--- RECORDS FOR THE EXERCISE Enclosed Below ---

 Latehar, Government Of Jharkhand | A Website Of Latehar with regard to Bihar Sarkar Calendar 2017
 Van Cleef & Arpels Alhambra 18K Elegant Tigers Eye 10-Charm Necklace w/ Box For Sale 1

--- End of Enclosed RECORDS FOR THE EXERCISE ---
--- RECORDS FOR THE EXERCISE Enclosed Below ---

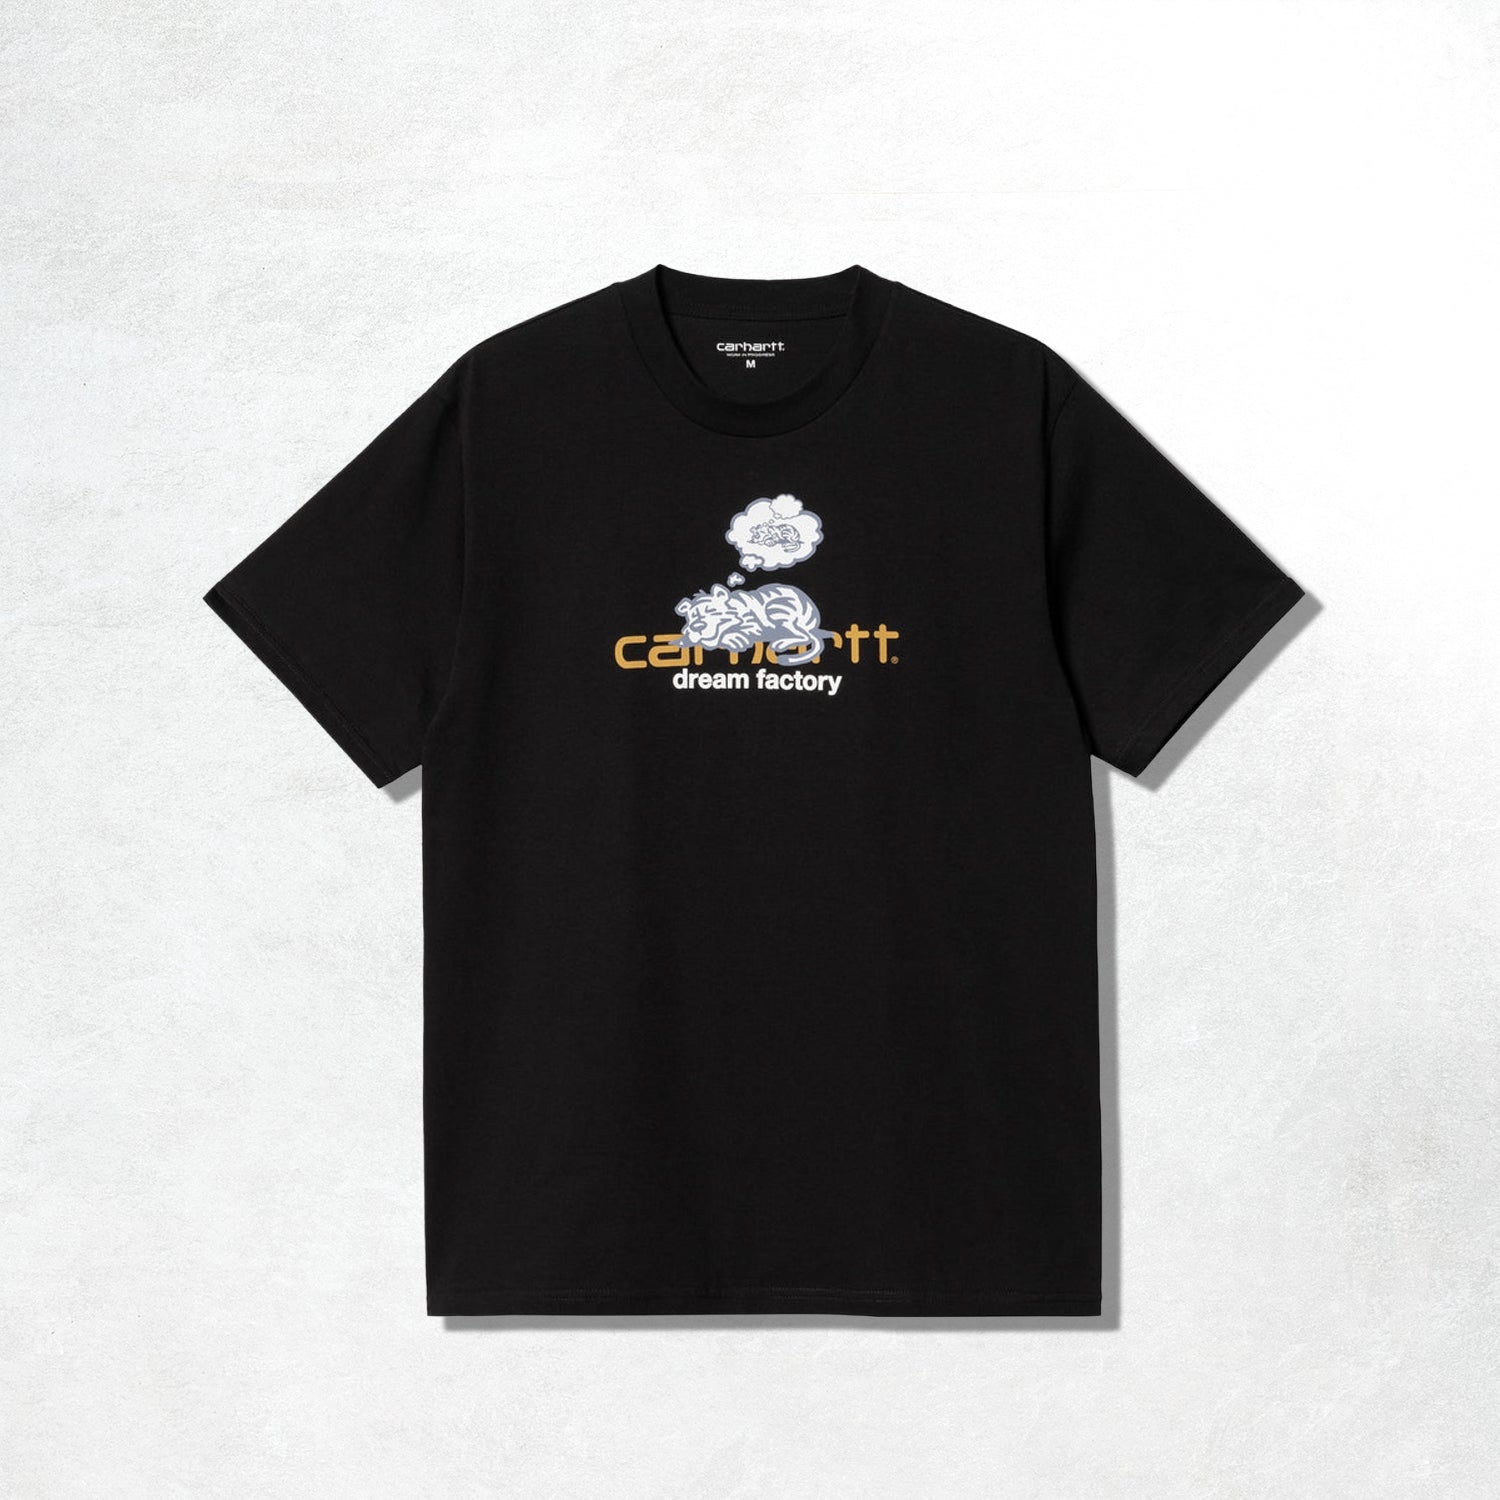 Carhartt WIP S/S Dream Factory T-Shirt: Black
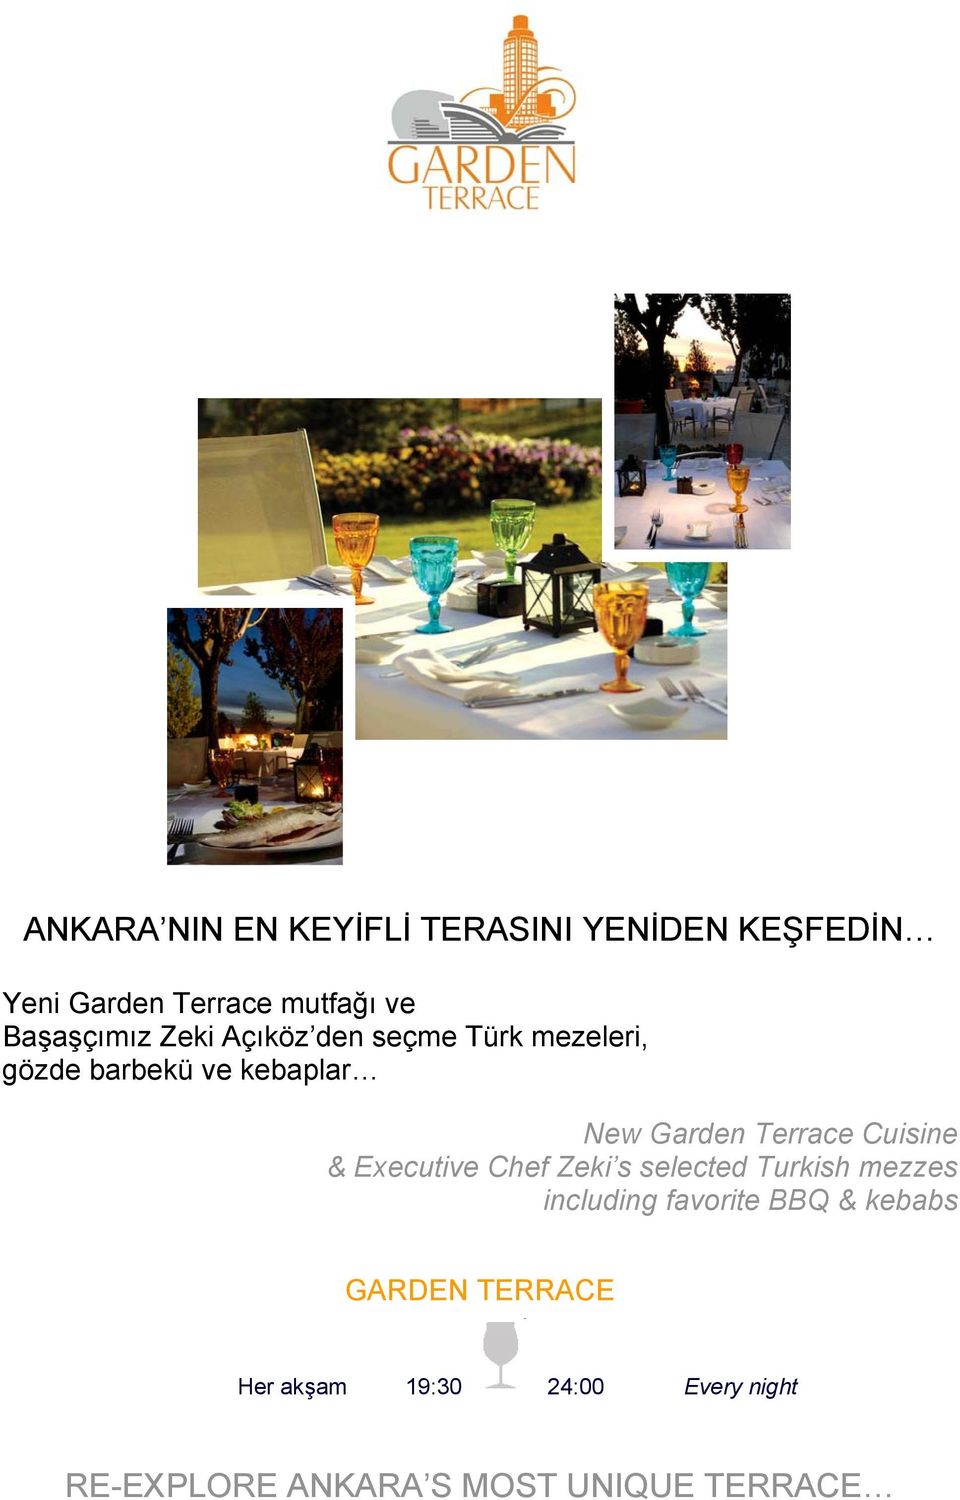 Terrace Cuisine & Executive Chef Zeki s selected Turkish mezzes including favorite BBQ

--- End of Enclosed RECORDS FOR THE EXERCISE ---

TASK BRIEF: Please transcribe only the lines in the records above running from the line that has "Latehar, Government Of" through the line that has "Van Cleef &", both included, exactly as they appear.

REPLY:
 Latehar, Government Of Jharkhand | A Website Of Latehar with regard to Bihar Sarkar Calendar 2017
 Van Cleef & Arpels Alhambra 18K Elegant Tigers Eye 10-Charm Necklace w/ Box For Sale 1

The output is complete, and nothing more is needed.